_Problem_
Write out the data word for word and omit every picture.

_Provided material_
* * *

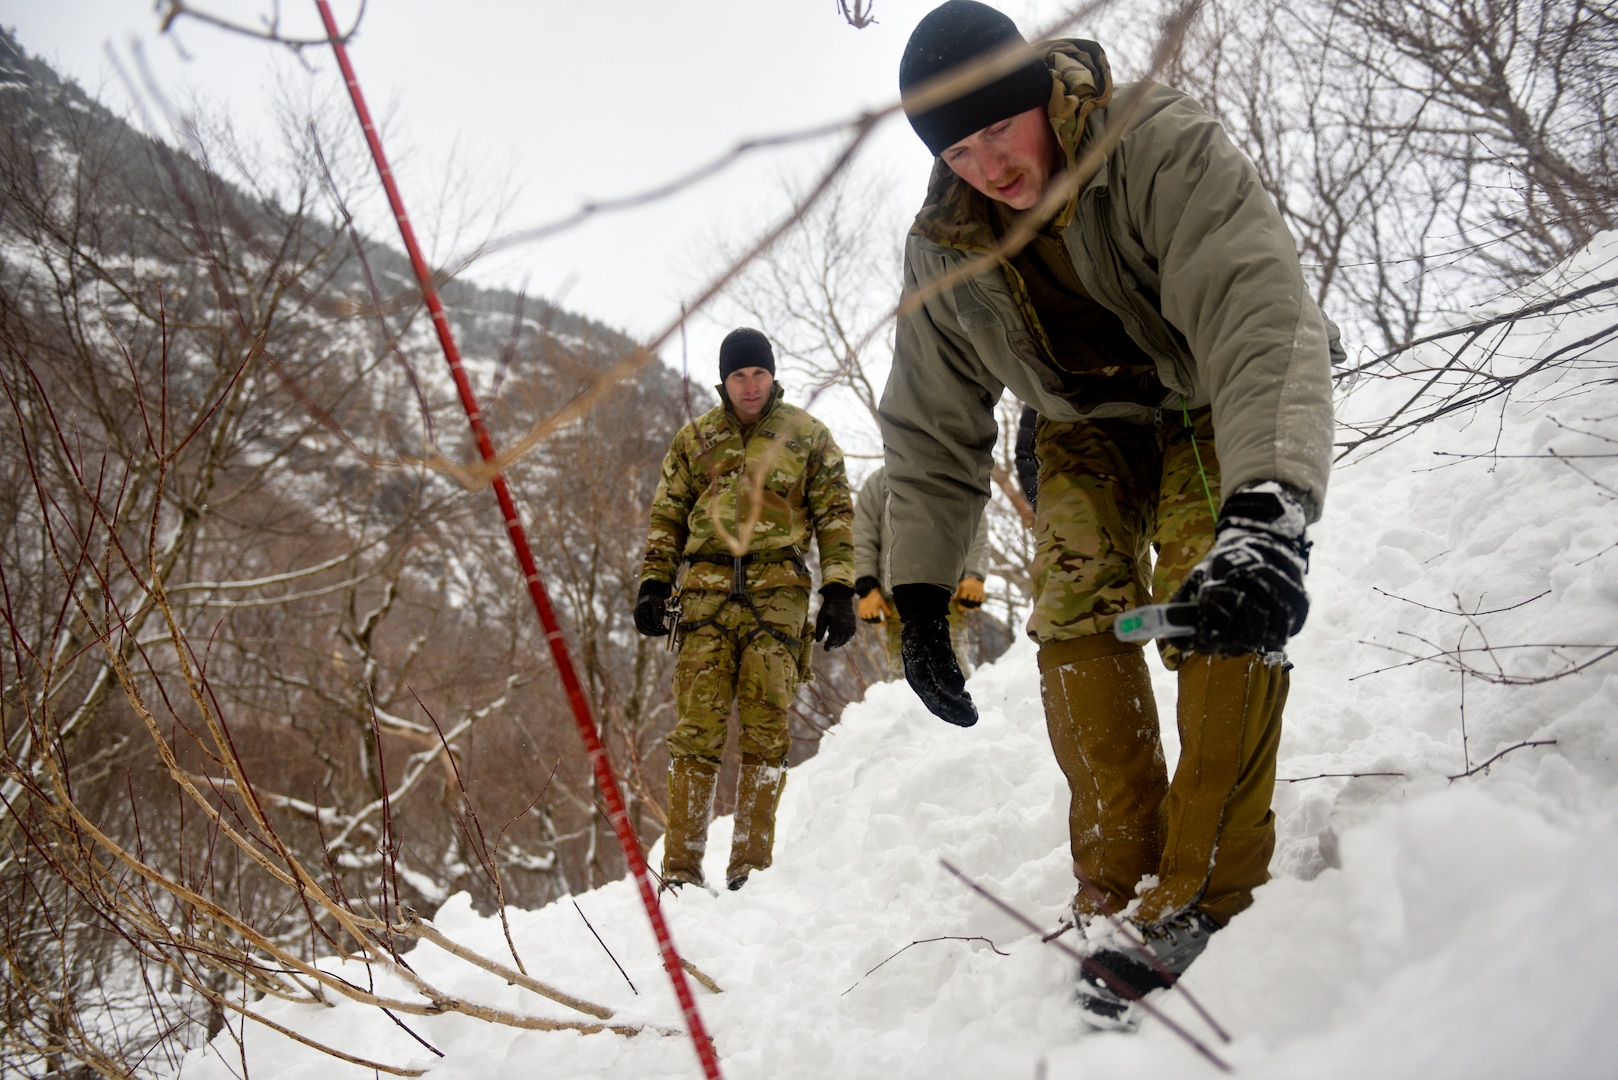 Sgt. 1st Class Nick Ash, an instructor at the U.S. Army Mountain Warfare School, observes a student using a locator beacon to find a simulated casualty during avalanche rescue training as part of the school’s Advanced Military Mountaineer Course Jan. 25, 2022. The AMWS is a U.S. Army Training and Doctrine Command school operated by the Vermont Army National Guard at Camp Ethan Allen Training Site, Vermont.
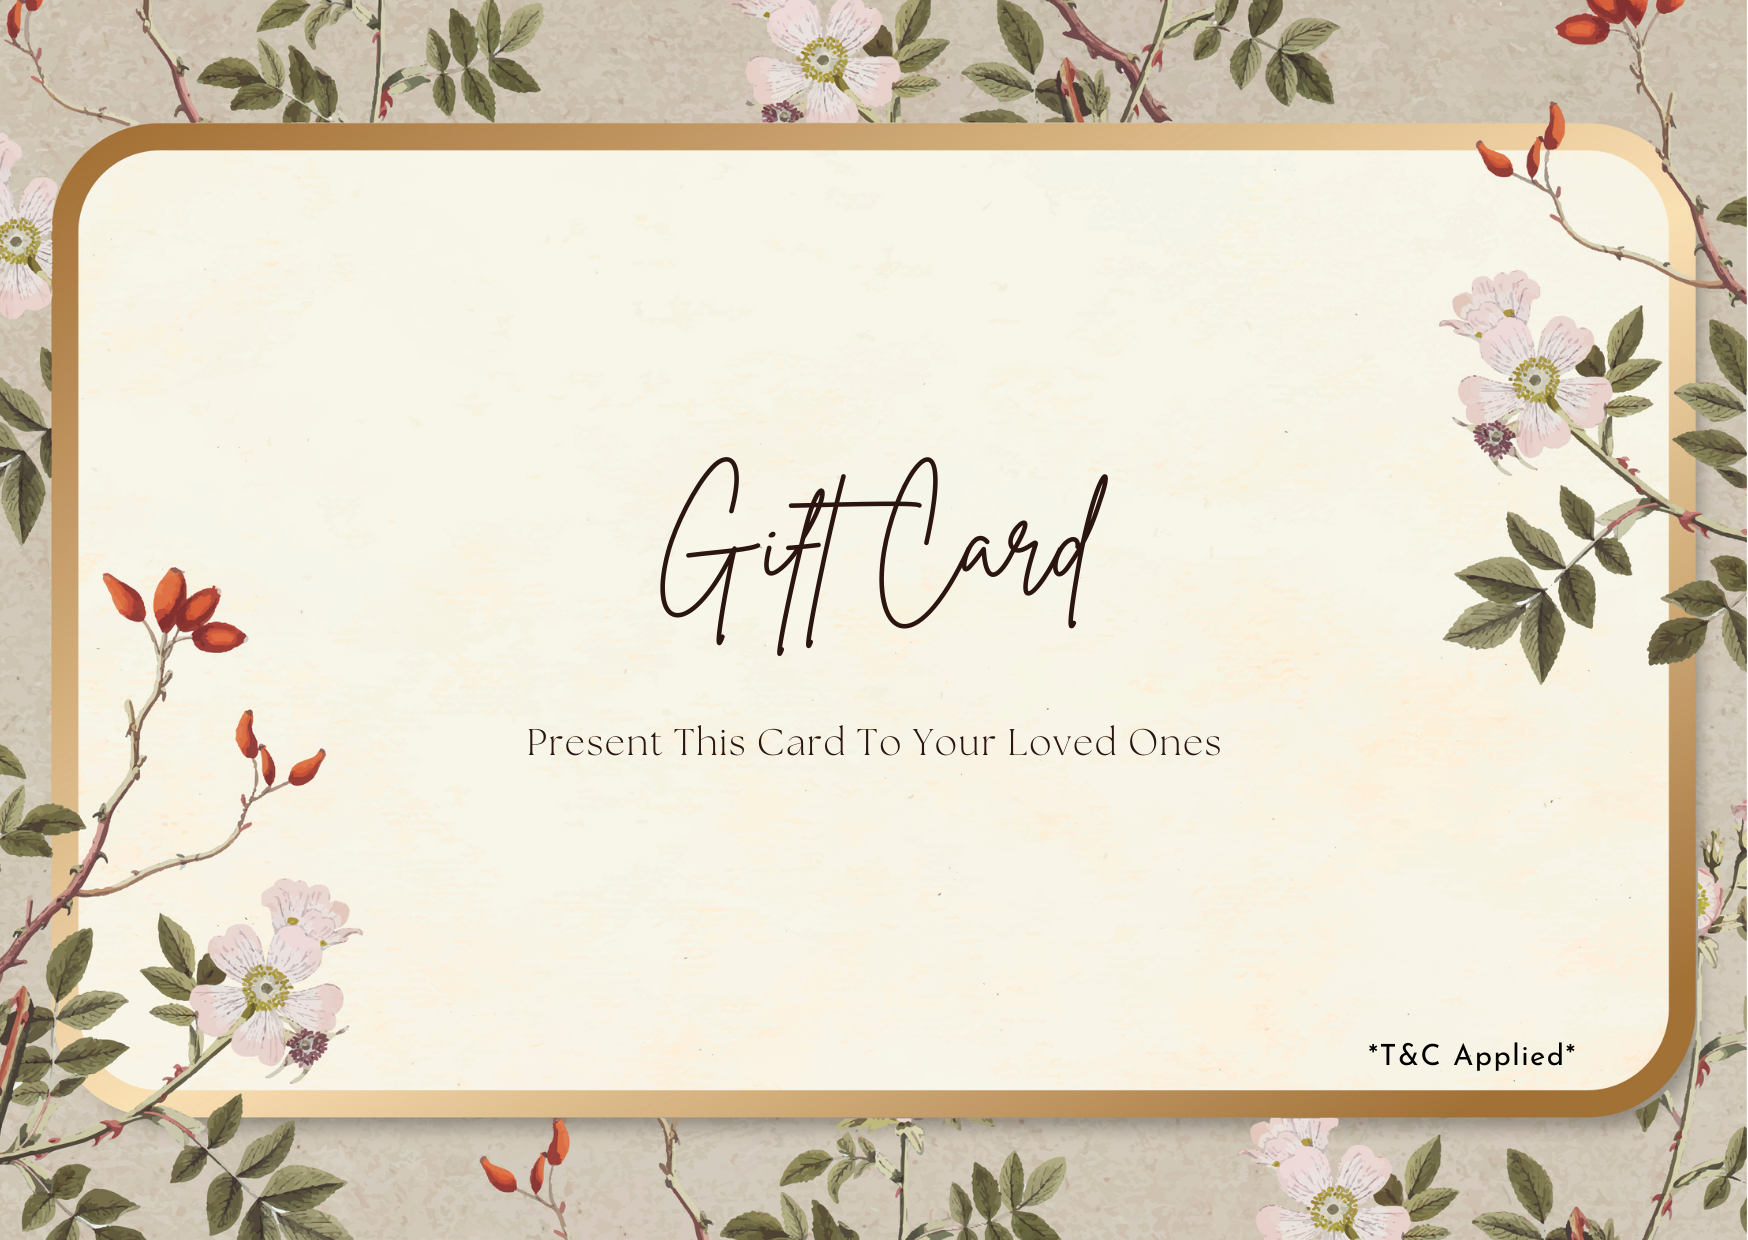 Gift Card For Your Loved One's
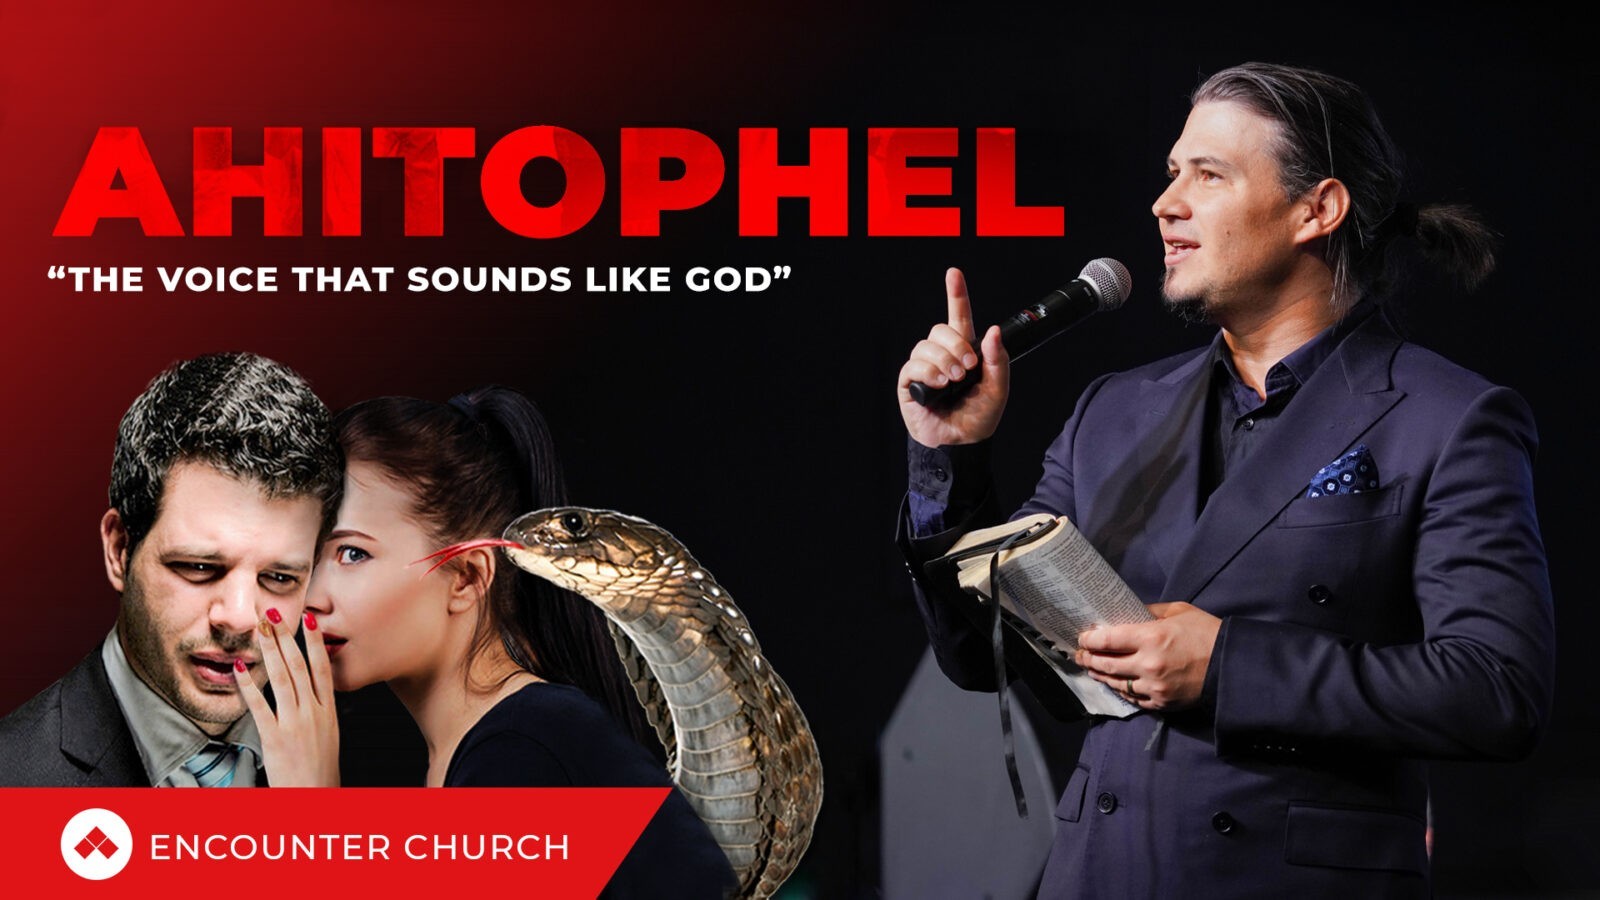 Ahitophel – The Voice that Sounds Like God

* * *

_Written solution_
 Sgt. 1st Class Nick Ash, an instructor at the U.S. Army Mountain Warfare School, observes a student using a locator beacon to find a simulated casualty during avalanche rescue training as part of the school’s Advanced Military Mountaineer Course Jan. 25, 2022. The AMWS is a U.S. Army Training and Doctrine Command school operated by the Vermont Army National Guard at Camp Ethan Allen Training Site, Vermont.
 Gift Card For Your Loved One's
 Ahitophel – The Voice that Sounds Like God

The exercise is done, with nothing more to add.